Alongside Jews, the nazi words of hate targeted, gypsies, people with disabilities, trade unionists and anyone who stood in their way. Today, any act of genocide begins with words of hate.

The Holocaust was the defining episode of 20th Century European history, destroying families, communities and attempting to destroy an entire people. The response to the Holocaust has shaped our understanding of global responsibility and the meaning of human rights but has not prevented further genocides across the globe.

That is why each year it is vital to mark Holocaust Memorial Day by honouring the survivors, paying respect to those who lost their lives and reflecting on the lesson we must continue to learn – words matter.

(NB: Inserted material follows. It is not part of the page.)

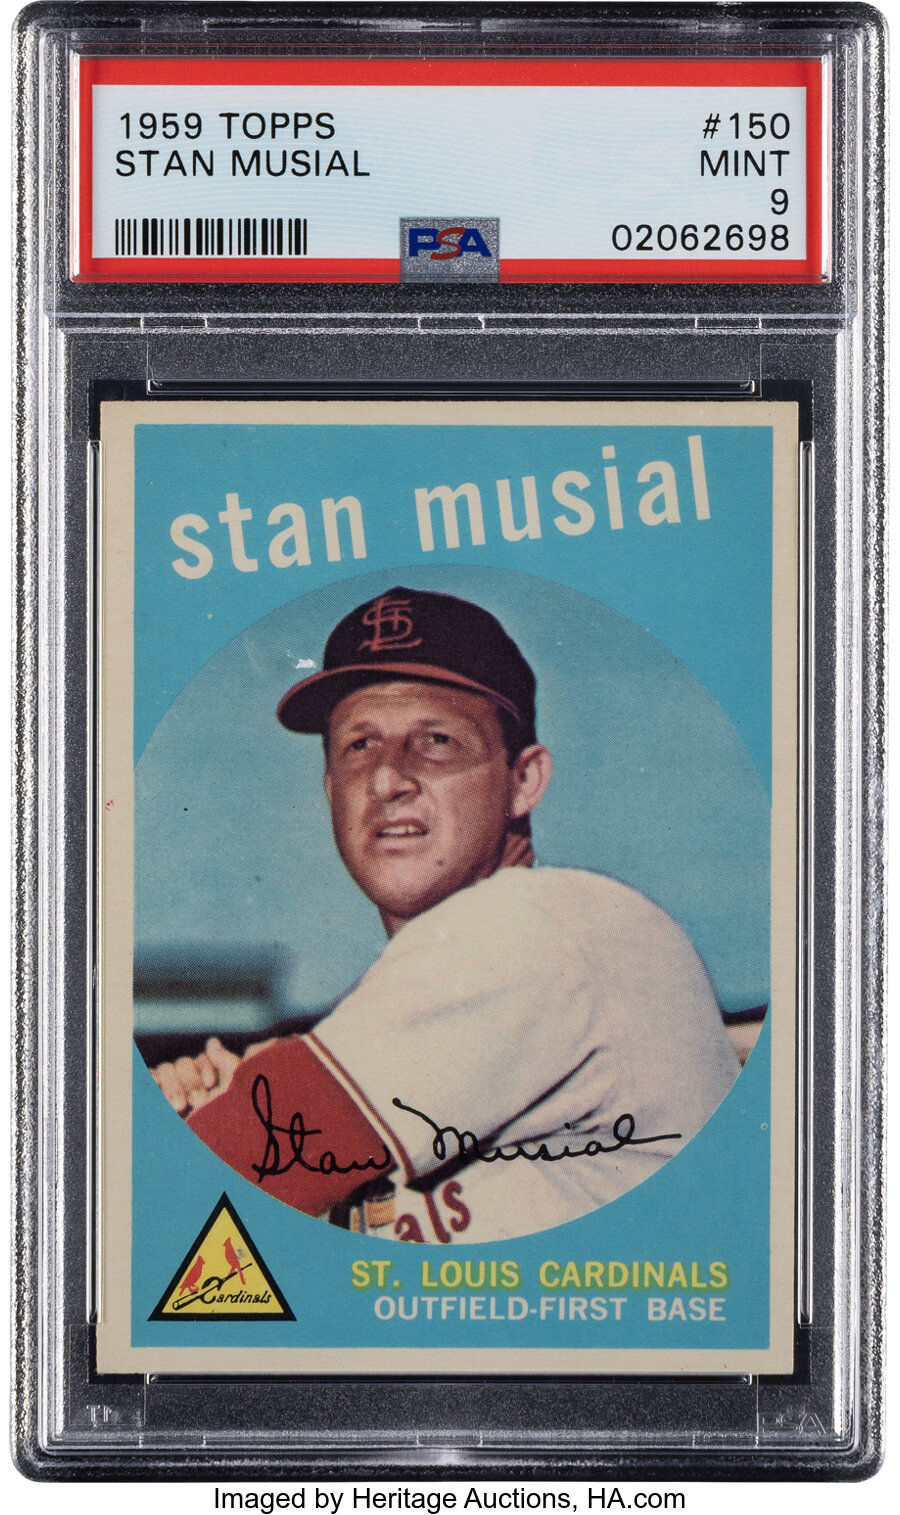 1959 Topps Stan Musial #150 PSA Mint 9 - None Higher!

I marked Holocaust Memorial Day yesterday at Liverpool Town Hall in a moving event hosted by the Lord Mayor, Councillor Malcolm Kennedy.

 

Jan 22

Using music to transform lives

The benefits of music for people living with dementia are remarkable. The new report from the Commission on Dementia and Music, What would life be – without a song or a dance, what are we? calls for the growing positive evidence base to support a more co-ordinated roll-out of provision across the country.Dementia music

I was delighted to be able to contribute to the report in a small way as a commissioner. I have already signed up my constituency office to becoming dementia friendly so that a person with dementia will be welcomed and can expect understanding, respect and support from me and my staff. I also recently completed the Dementia Friend training for a second time with the Commons Health Select Committee.

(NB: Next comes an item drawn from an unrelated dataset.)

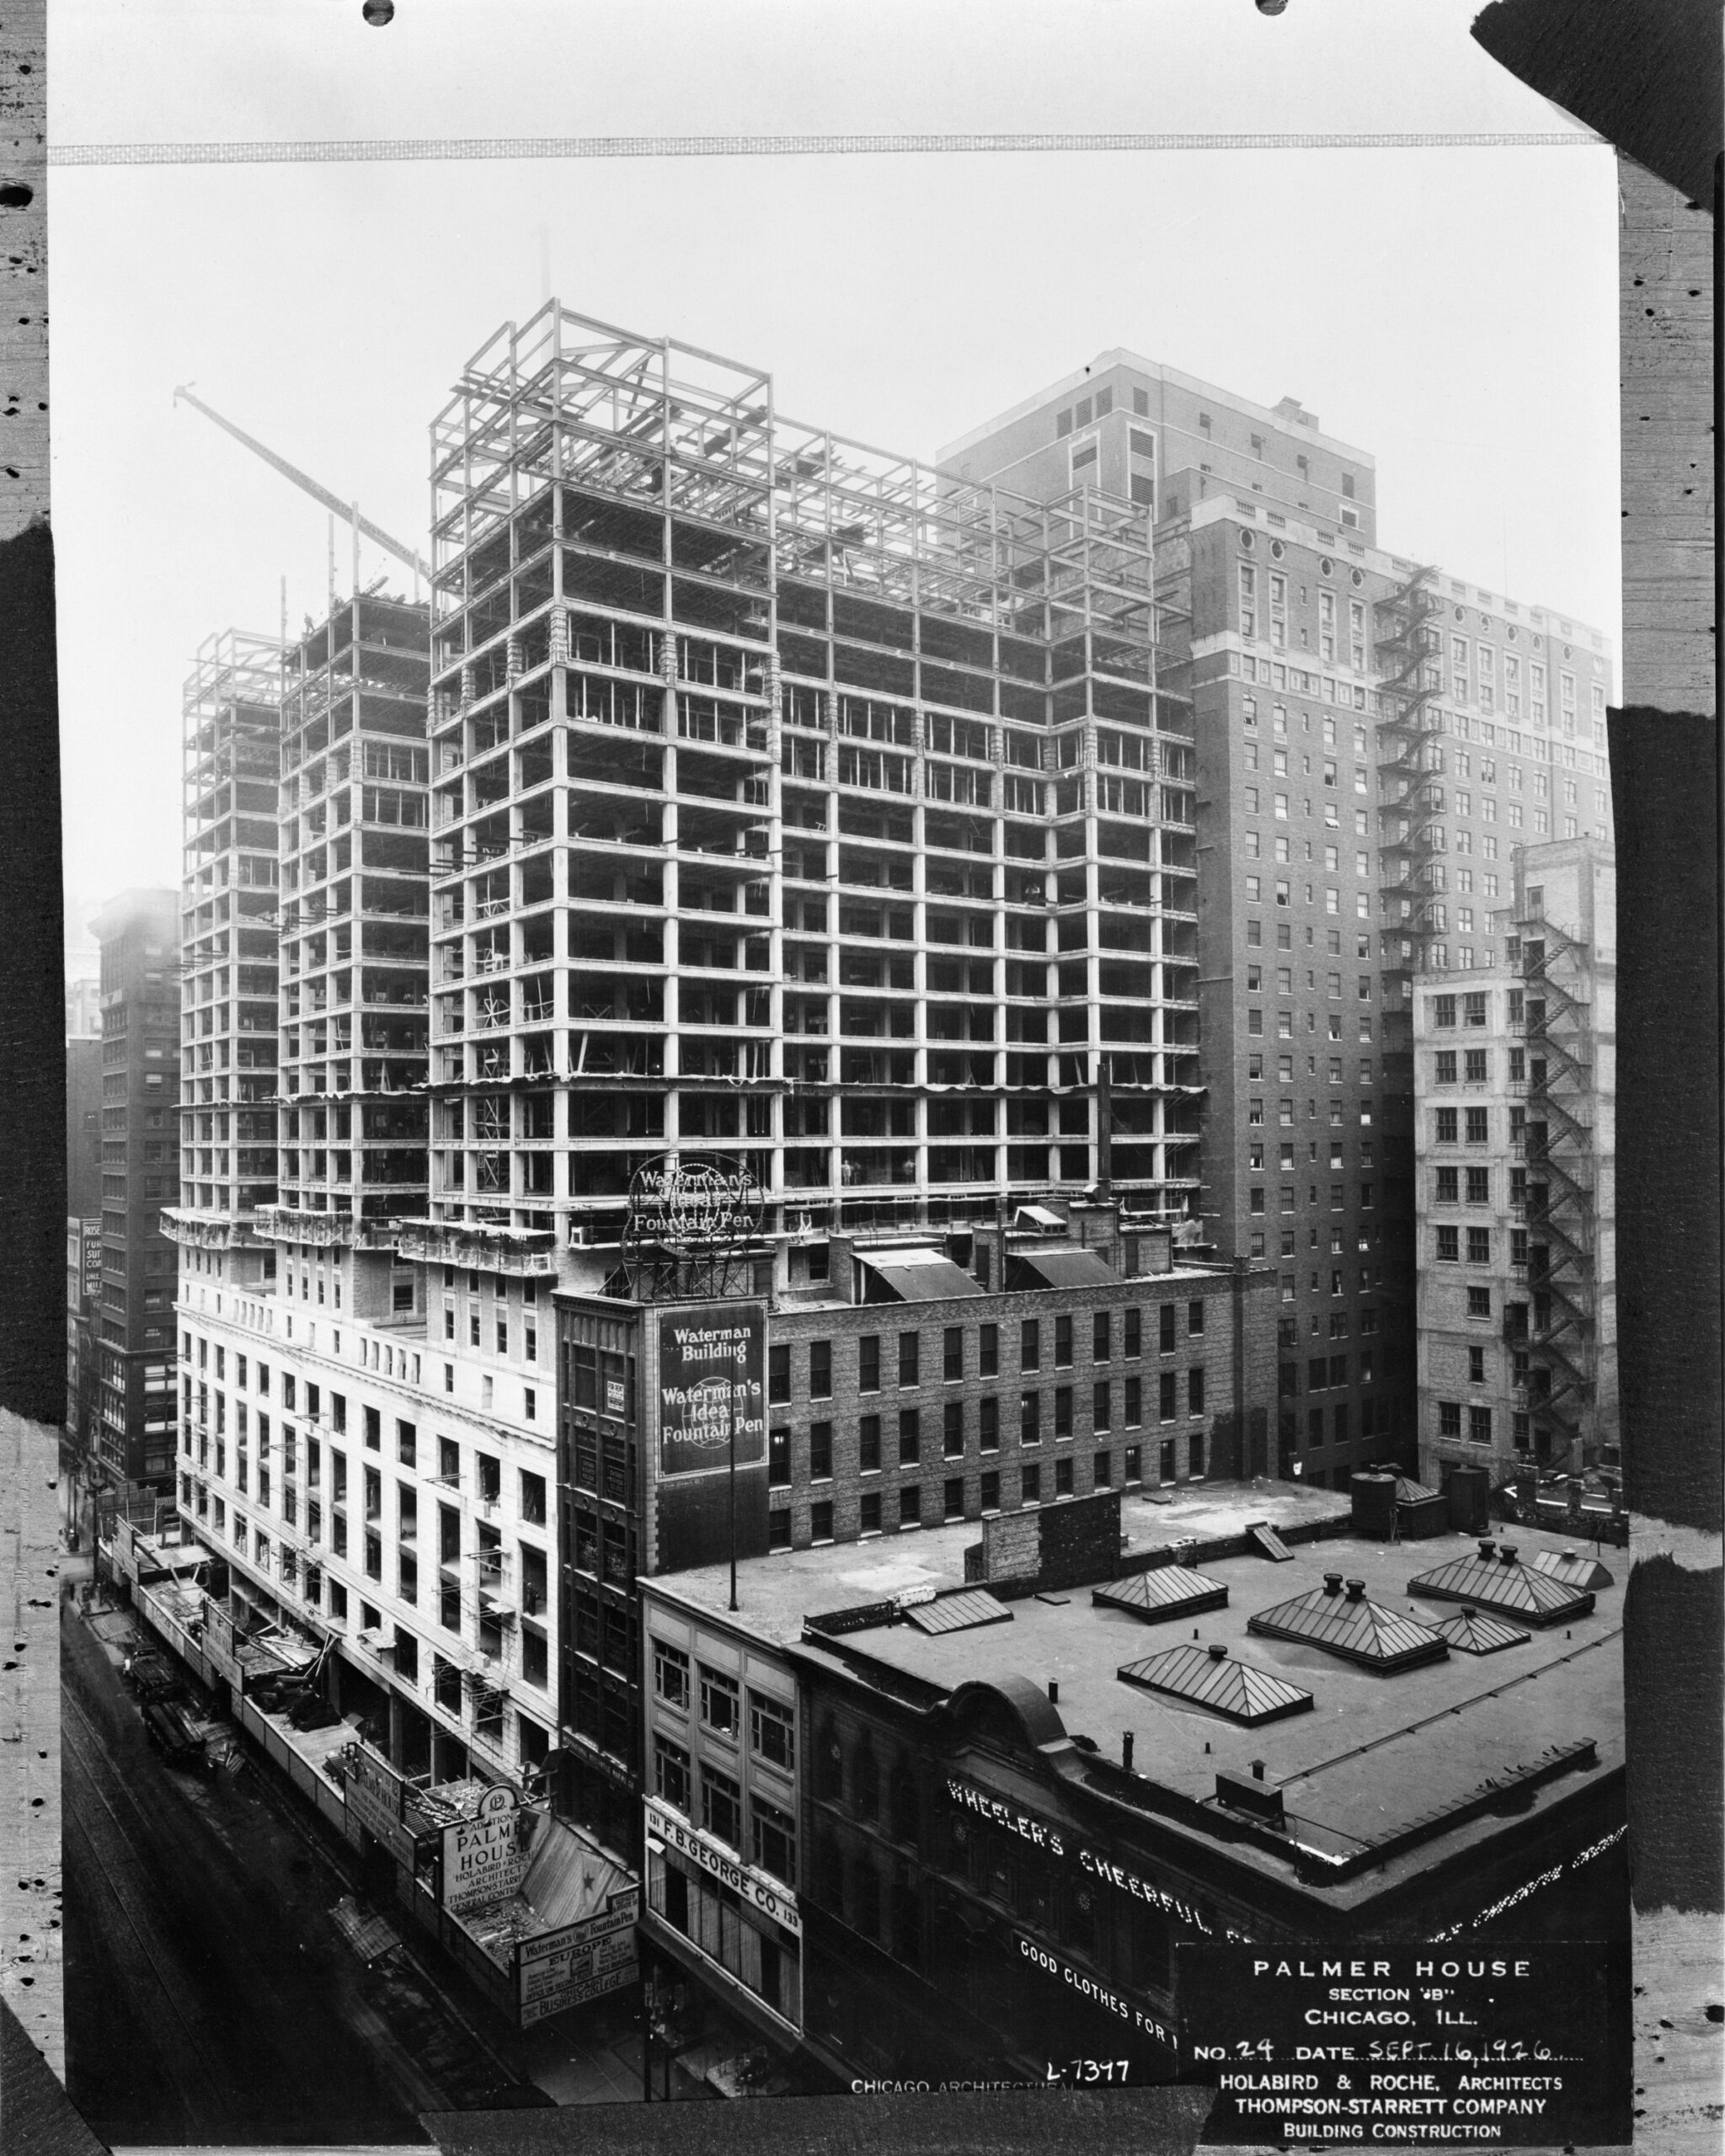 Exterior view of the Palmer House hotel under construction, in Chicago, Illinois, September 16, 1926. Photographed or reprinted for architects Holabird & Root.

That is because dementia is a pressing issue. By 2025 in the UK, there will be one million people living with dementia and the number of people with dementia is expected to triple by 2050.

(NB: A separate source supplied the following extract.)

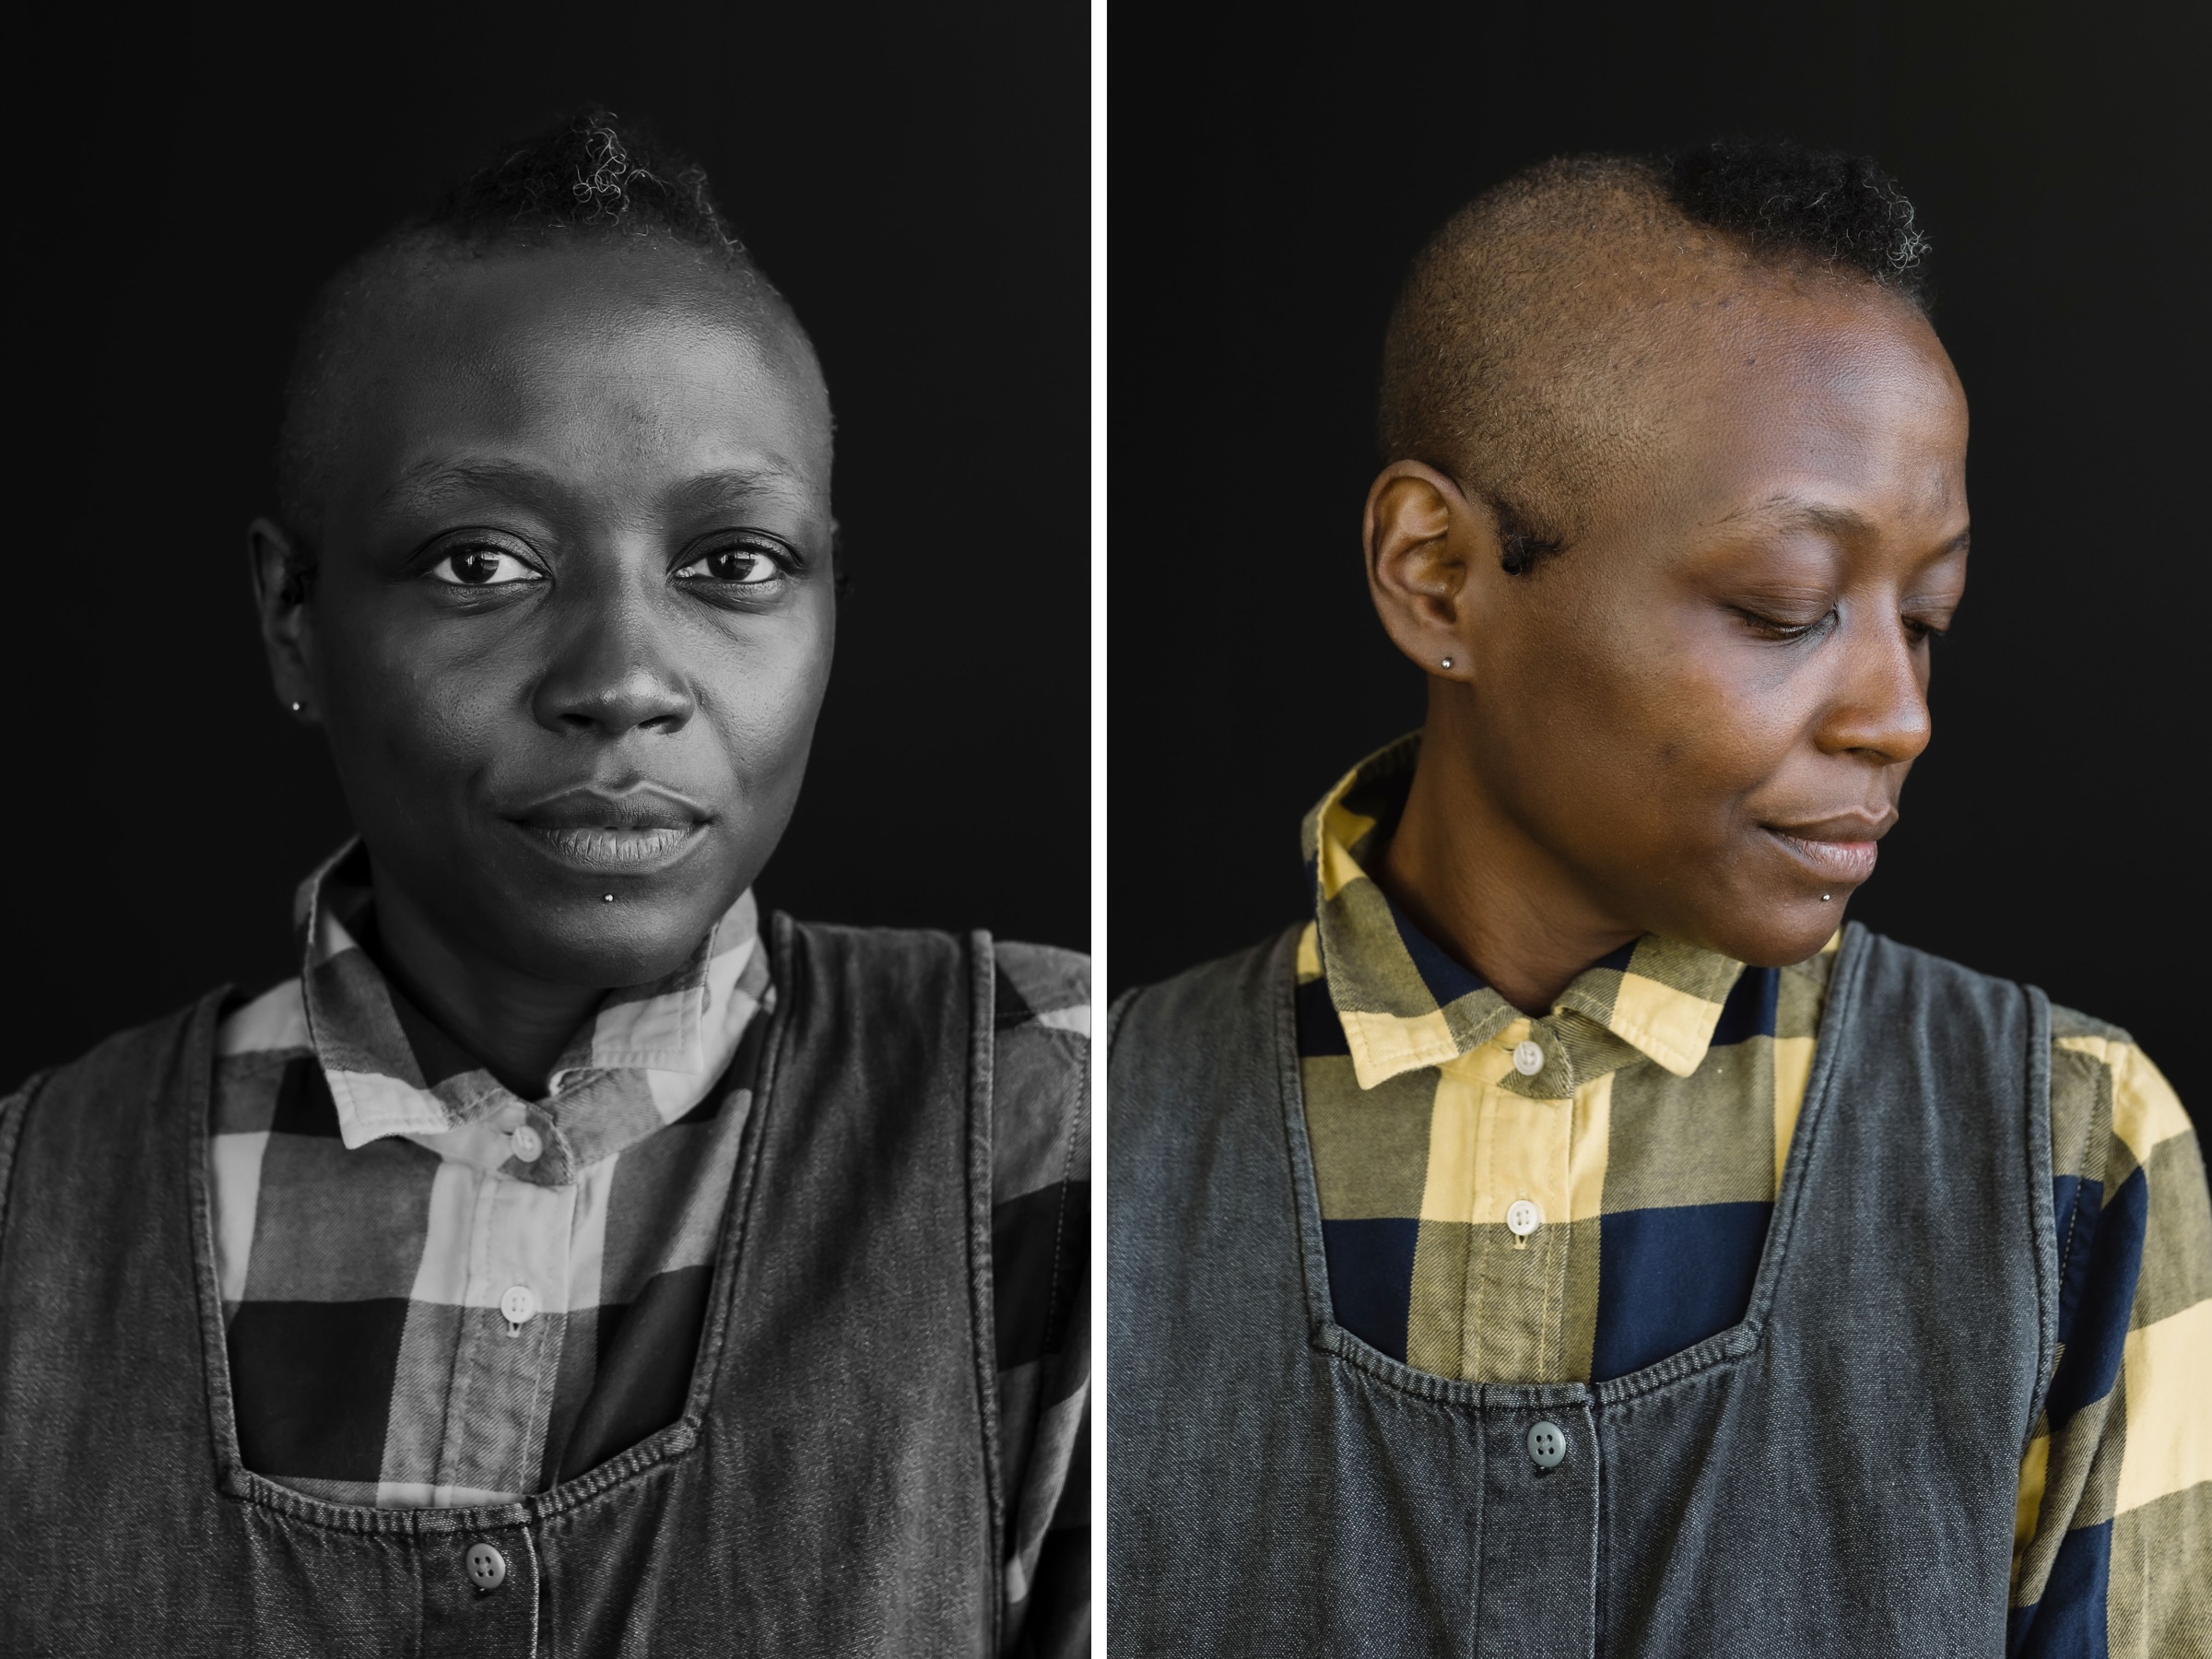 Two side-by-side portraits of artist taisha paggett. On the left, a black and white image shows the artist looking directly at the camera. On the right, the image has her looking down and to the right. She is wearing a black and yellow-check shirt and black, wide-strapped overalls.

The Commission brought together neuroscientists, music therapists, charities, start-ups and academics. It found that music can play an important role in helping with the prevention, management, treatment and care for people with dementia.

Music-based activities can change the lives of people living with dementia and their families by enabling communication and decreasing anxiety, agitation and depression, regardless of gender, ethnicity or background.

However, while the evidence base for the positive impact of music is growing, the commission found that access to appropriate music-based activities around the country is uneven and too often relies on hard-pressed individuals and volunteers.

It called for greater awareness of the benefits of music, improved co-ordination and funding that matches the potential for music to make a difference to millions of lives.